→ Assignment
Nothing but the lines from the one showing "2022年09月18日（日曜日）に渋谷 クラブのBRAND SHIBUYAで開催されるHOUSEイベント" through the final line of the data below belongs in the answer, duplicated exactly and without pictures.

→ Dataset content
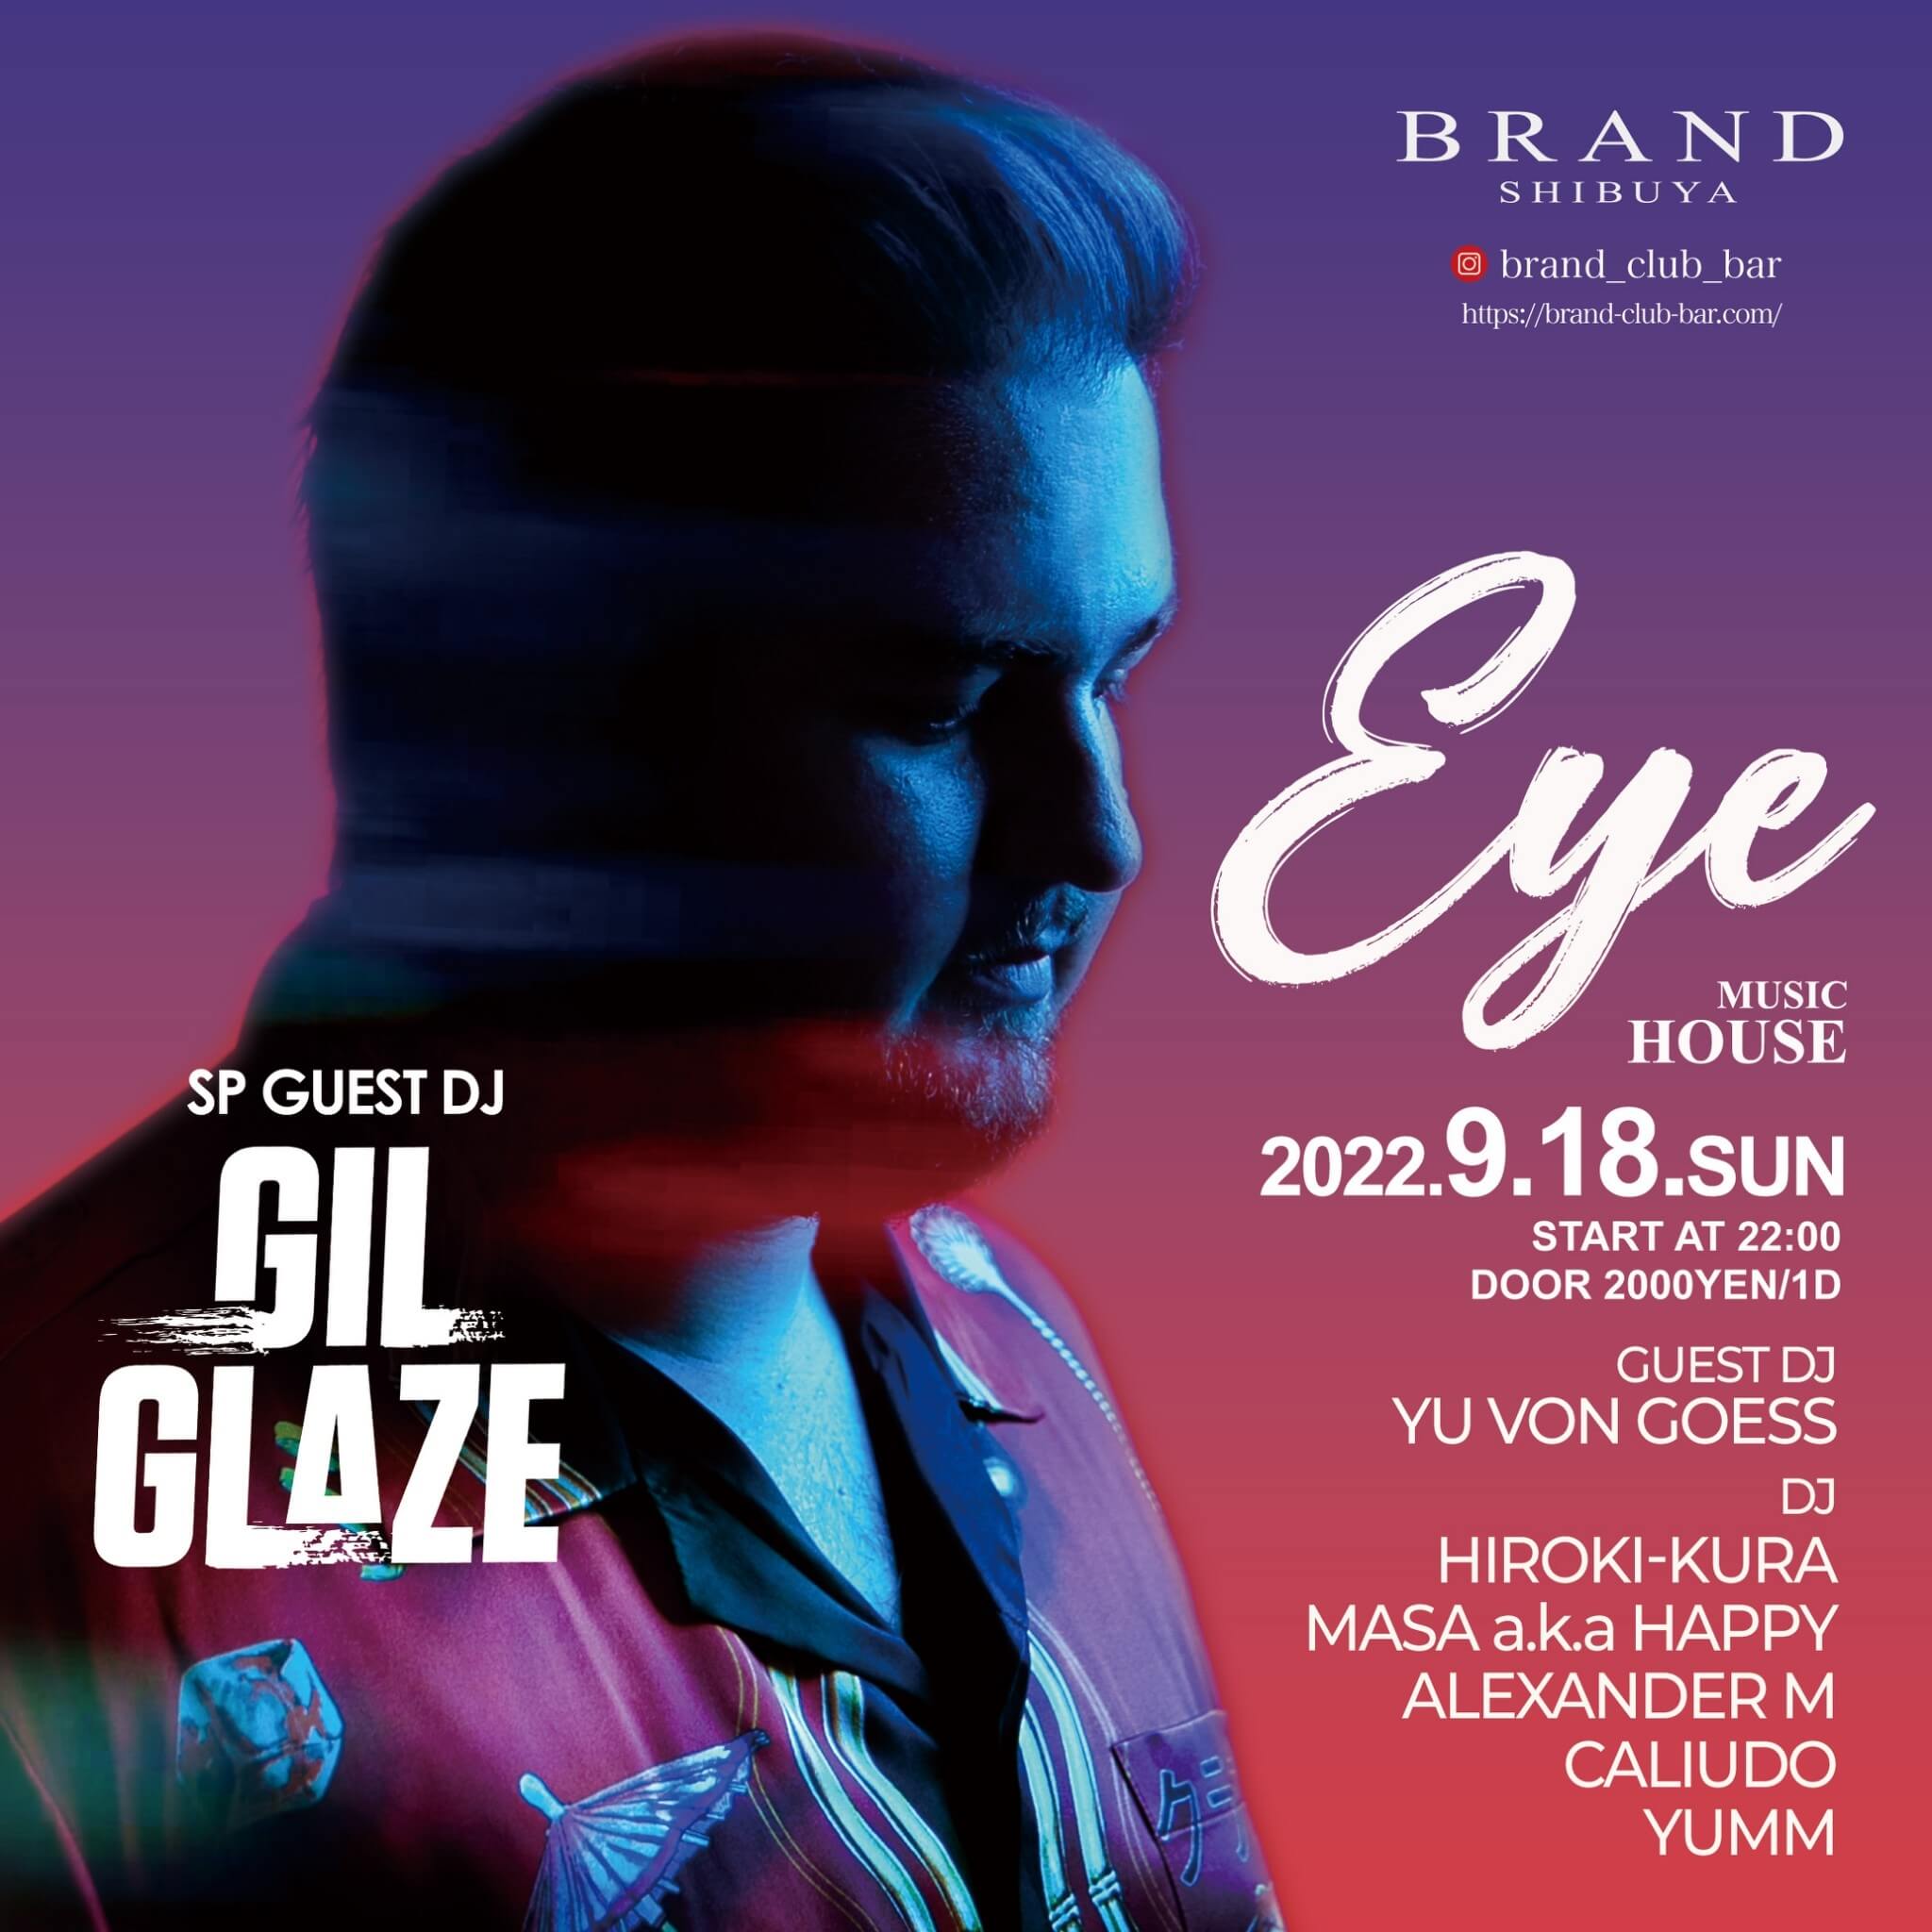 【EYE】 -SP GUEST DJ-  GIL GLAZE
 2022年09月18日（日曜日）に渋谷 クラブのBRAND SHIBUYAで開催されるHOUSEイベント
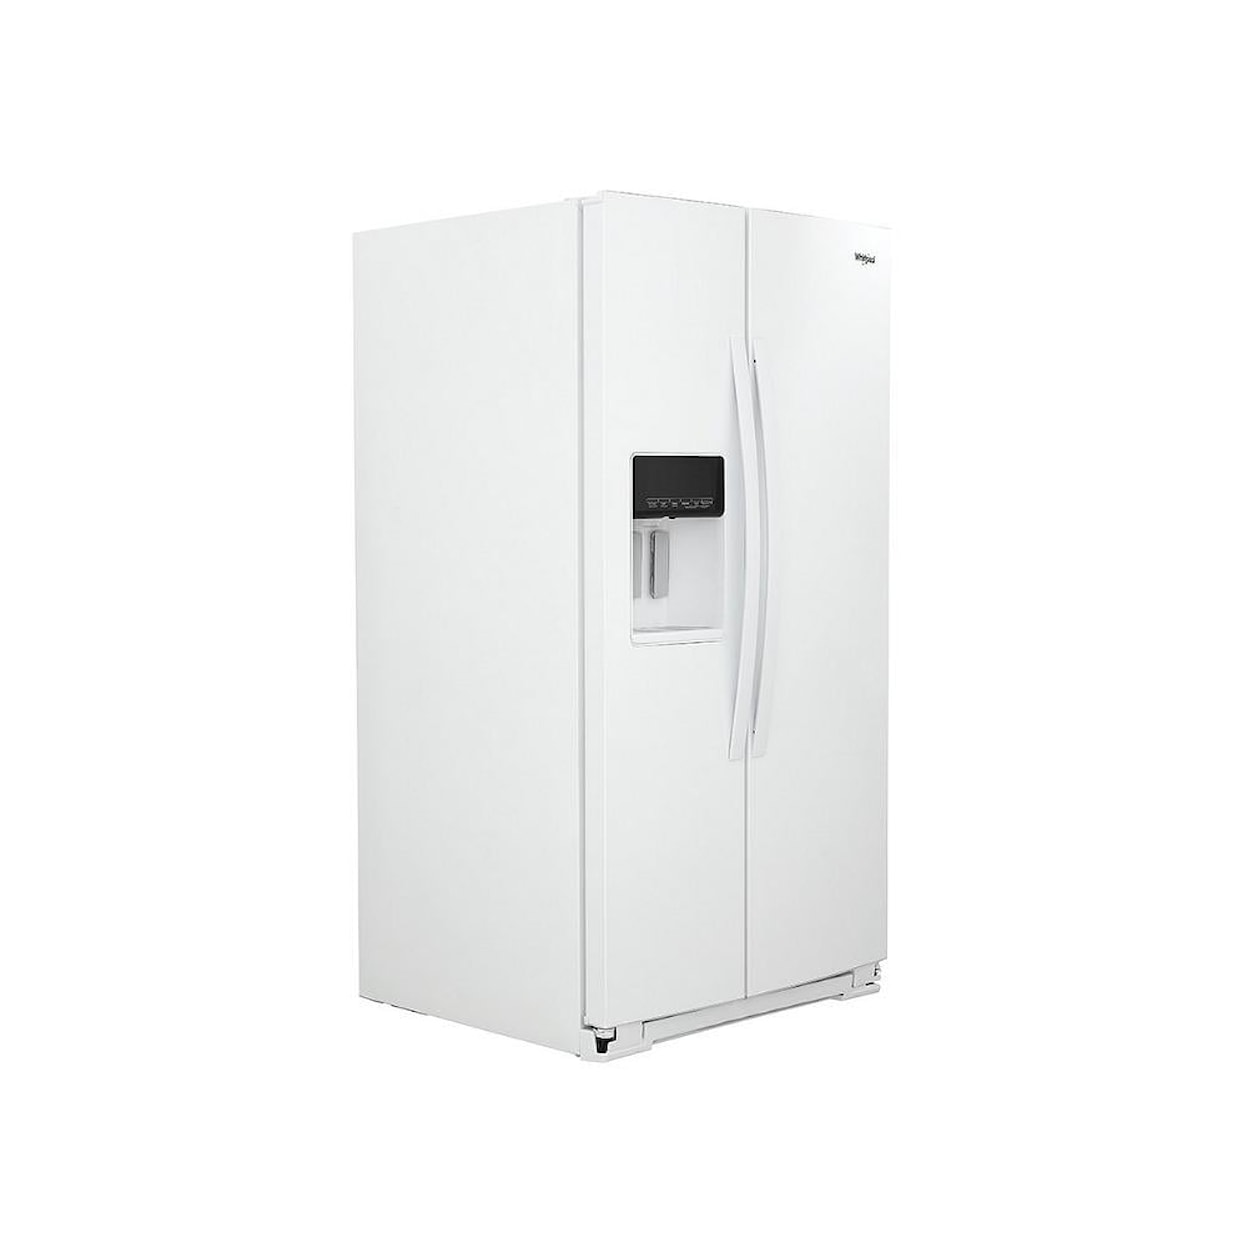 Whirlpool Refrigerators Side By Side Freestanding Refrigerator

→ Task answer
 2022年09月18日（日曜日）に渋谷 クラブのBRAND SHIBUYAで開催されるHOUSEイベント
 Whirlpool Refrigerators Side By Side Freestanding Refrigerator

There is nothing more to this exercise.